Qwen 3.6 27B vs Gemma 4 31B - making Packman game!
Gemma built a fully working Pac-Man in 4 minutes vs Qwen's 18.
In a recent benchmark comparing two open-source language models on a real-world coding task, Google's Gemma 4 31B decisively outperformed Alibaba's Qwen 3.6 27B. The test: generate a complete, playable Pac-Man HTML game from a single prompt. Both models ran locally on a MacBook Pro M5 Max with 64GB RAM. Qwen produced a more verbose response with creative visual elements and a neon aesthetic, but took 18 minutes and 4 seconds and consumed 33,946 tokens. Gemma, despite generating at 27 tokens/sec (vs Qwen's 32), finished in just 3 minutes and 51 seconds using only 6,209 tokens. Crucially, Gemma's output was cleaner, more logically consistent, and fully functional out of the box. The game featured smooth tile-based movement, proper ghost pathfinding, wall collision, and working power pellets—meeting all the contest specifications. Qwen's version, while visually impressive, had gameplay bugs and took significantly longer to produce.
The contest underscores a key insight for developers deploying LLMs for code generation: raw token throughput is secondary to the quality and conciseness of the final answer. Gemma 4 31B demonstrated that a model can produce high-quality code with fewer iterations and less token spend, directly impacting cost and latency in production use. For tasks requiring precise logic—like game development, API integration, or data processing—a model that understands the problem and delivers a compact, correct solution is more valuable than one that merely generates large amounts of text. The results also highlight the importance of evaluating LLMs on task-specific benchmarks rather than generic perplexity or speed metrics. As local models improve, this kind of real-world coding test becomes a critical differentiator for enterprise adoption.
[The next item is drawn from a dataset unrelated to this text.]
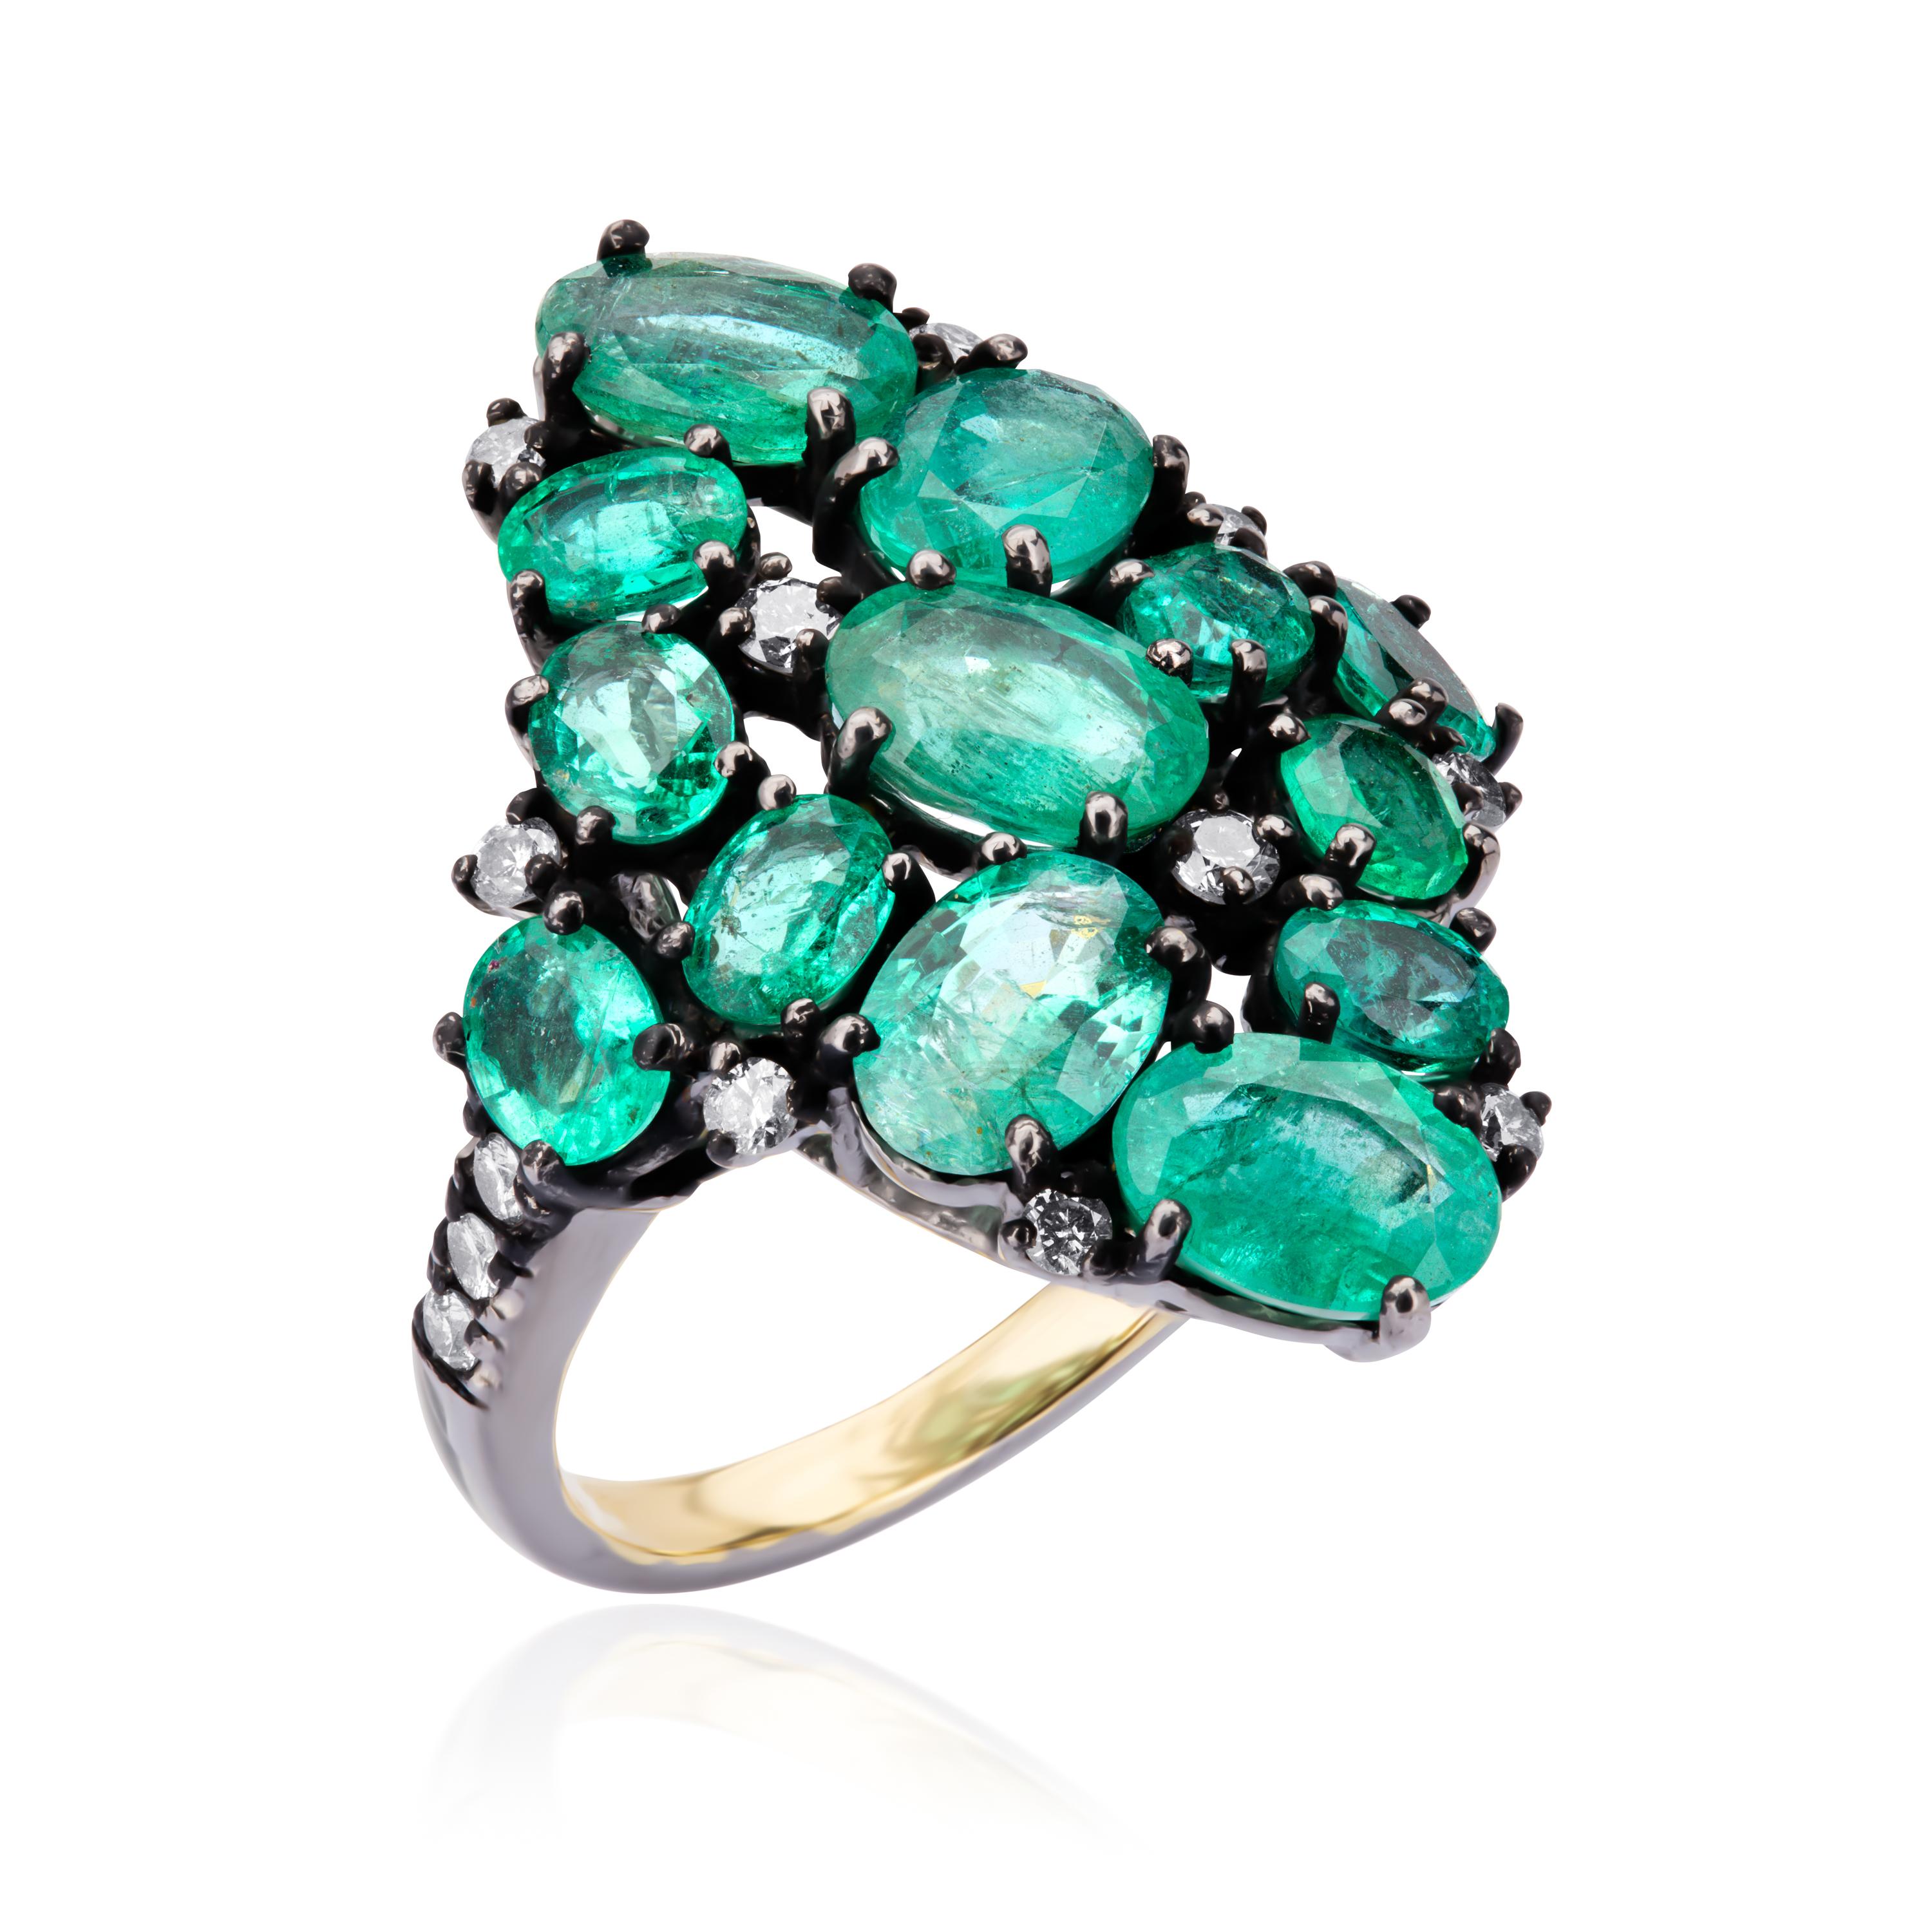 Introducing our exquisite Victorian-style ring, a true masterpiece that exudes timeless elegance and sophistication. At the heart of this stunning ring, you'll find a collection of vibrant and lively electric green rose cut emeralds, totaling an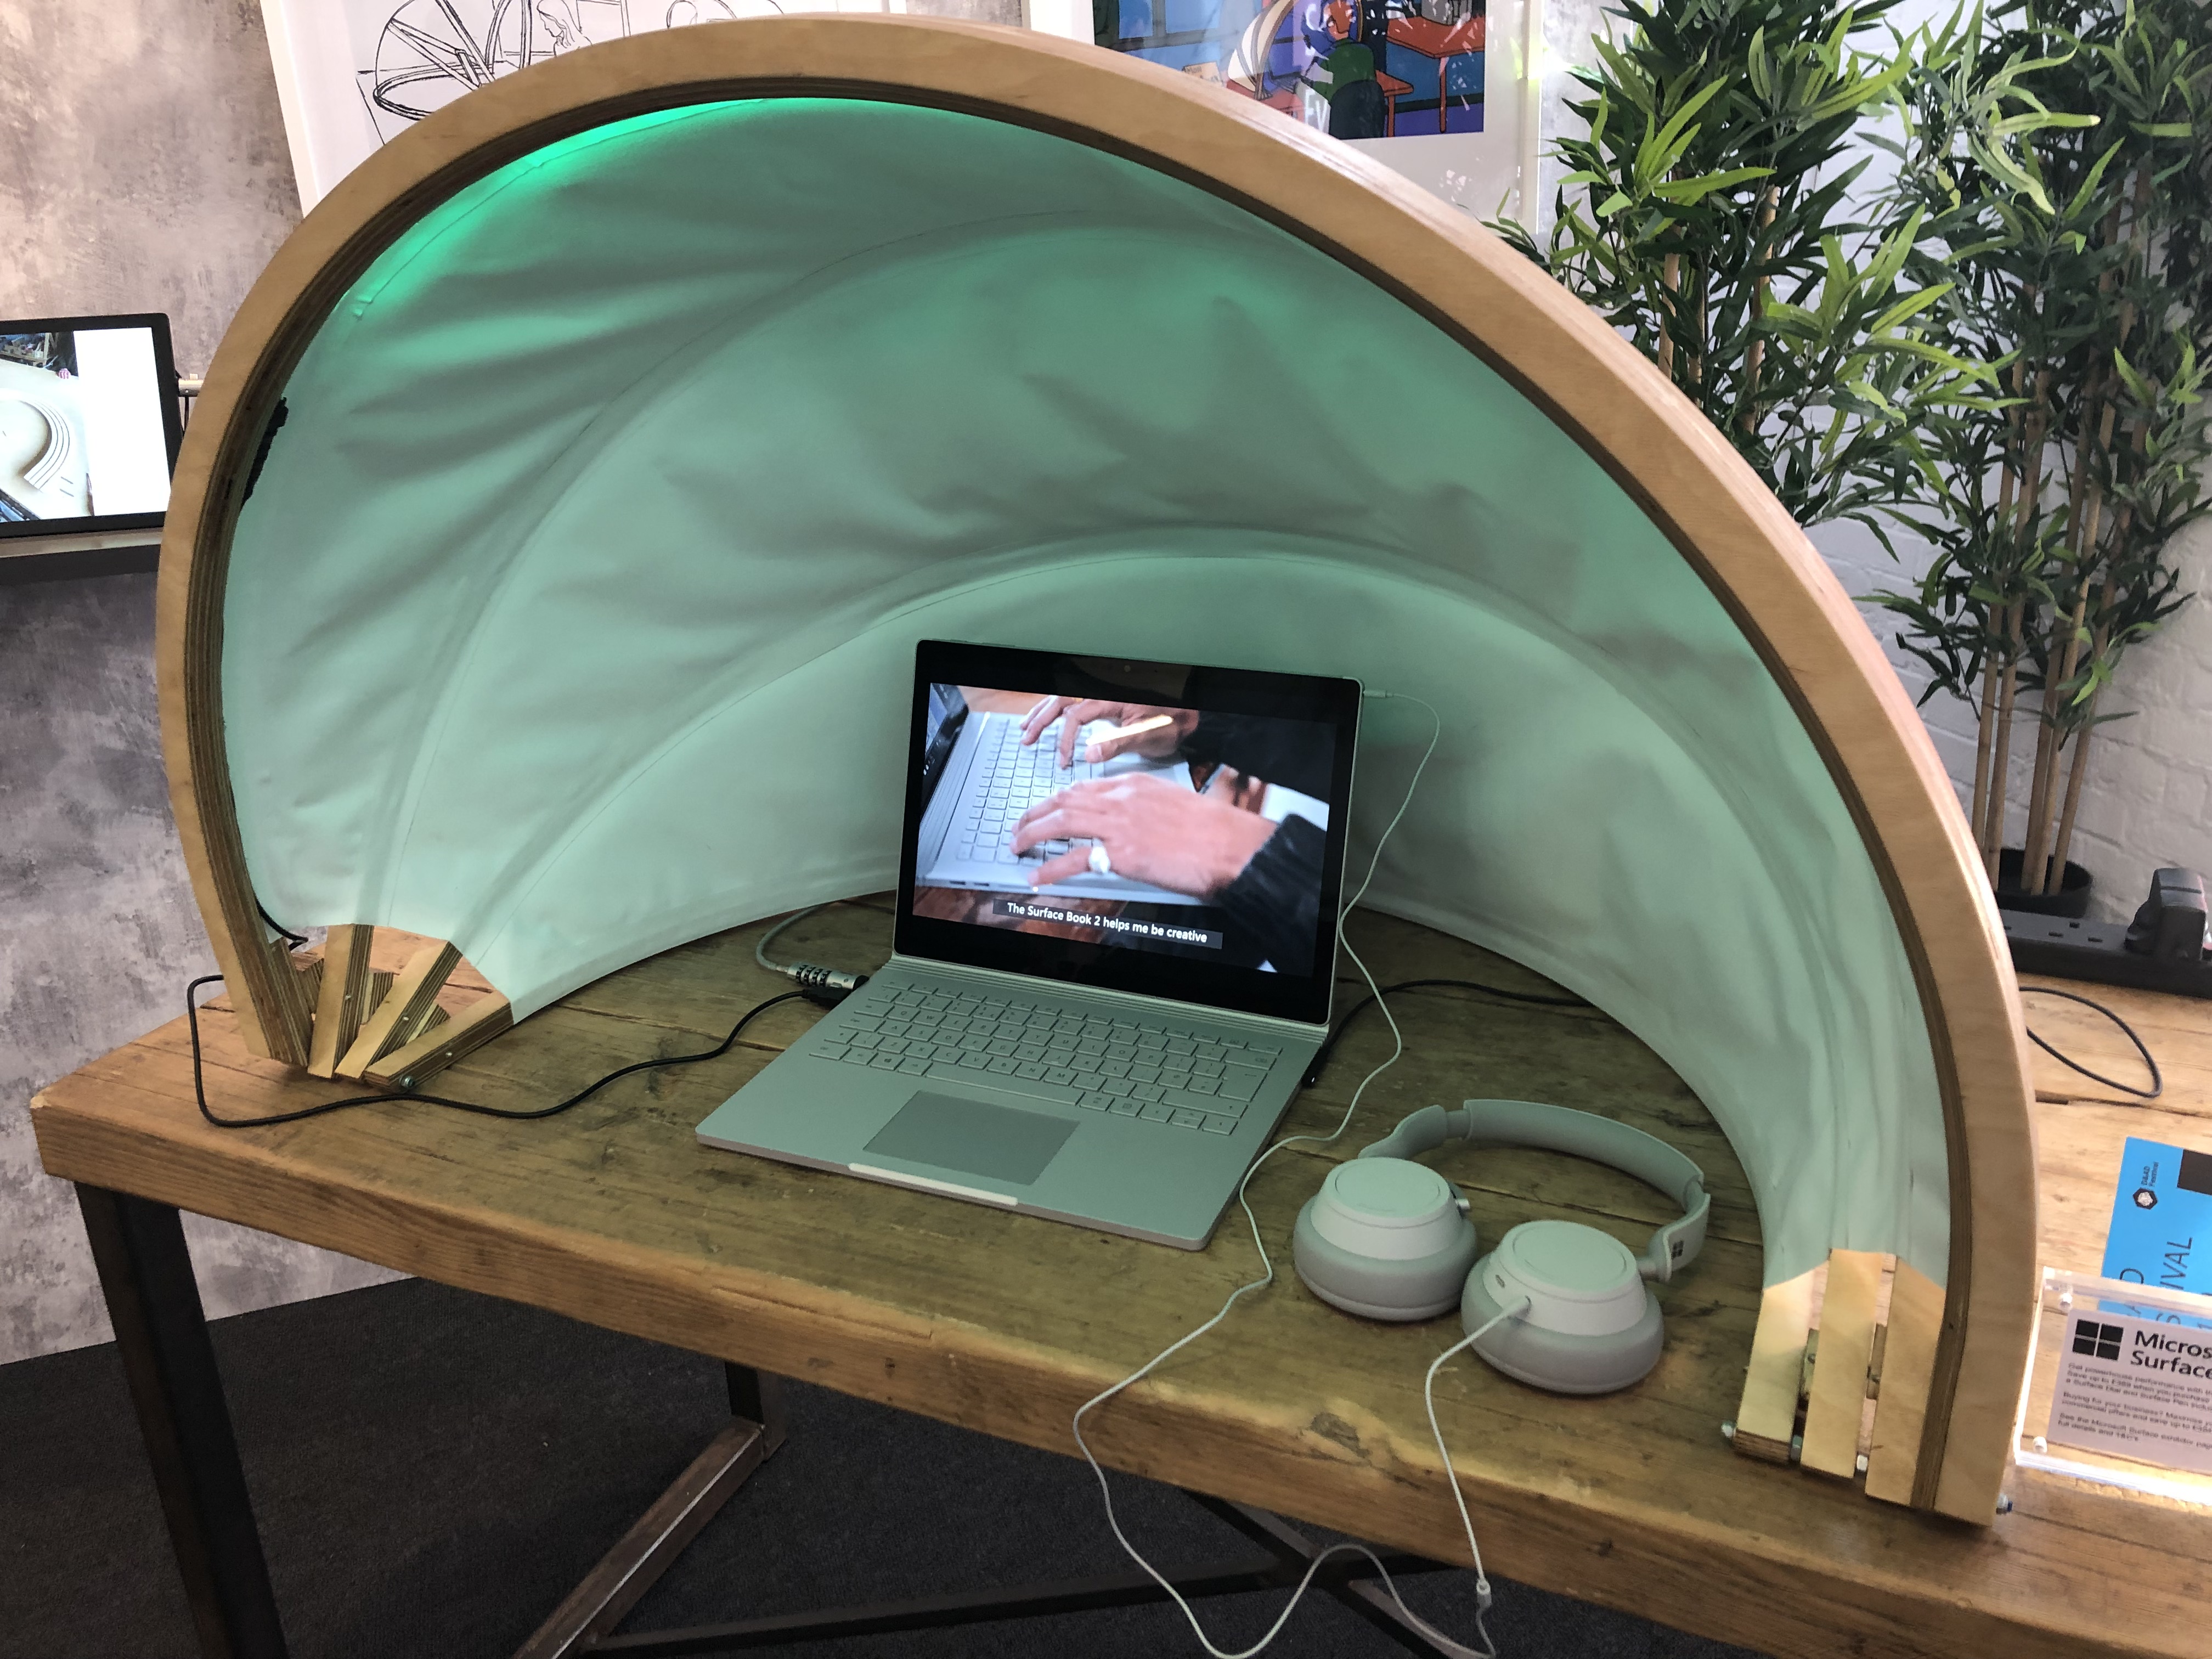 A tent-like invention that aims to help people focus at work

- Gemma 4 31B completed the Pac-Man game in 3m51s with 6,209 tokens vs Qwen's 18m04s and 33,946 tokens.
- Despite lower tokens/sec (27 vs 32), Gemma's output had superior game logic: smooth click reactions, correct wall and ghost handling.
- The contest demonstrates that efficiency and concise, correct code can be more valuable than verbose creativity in real-world coding tasks.
Why It Matters
For developers, Gemma shows that smaller, efficient models can outperform larger ones in practical coding tasks.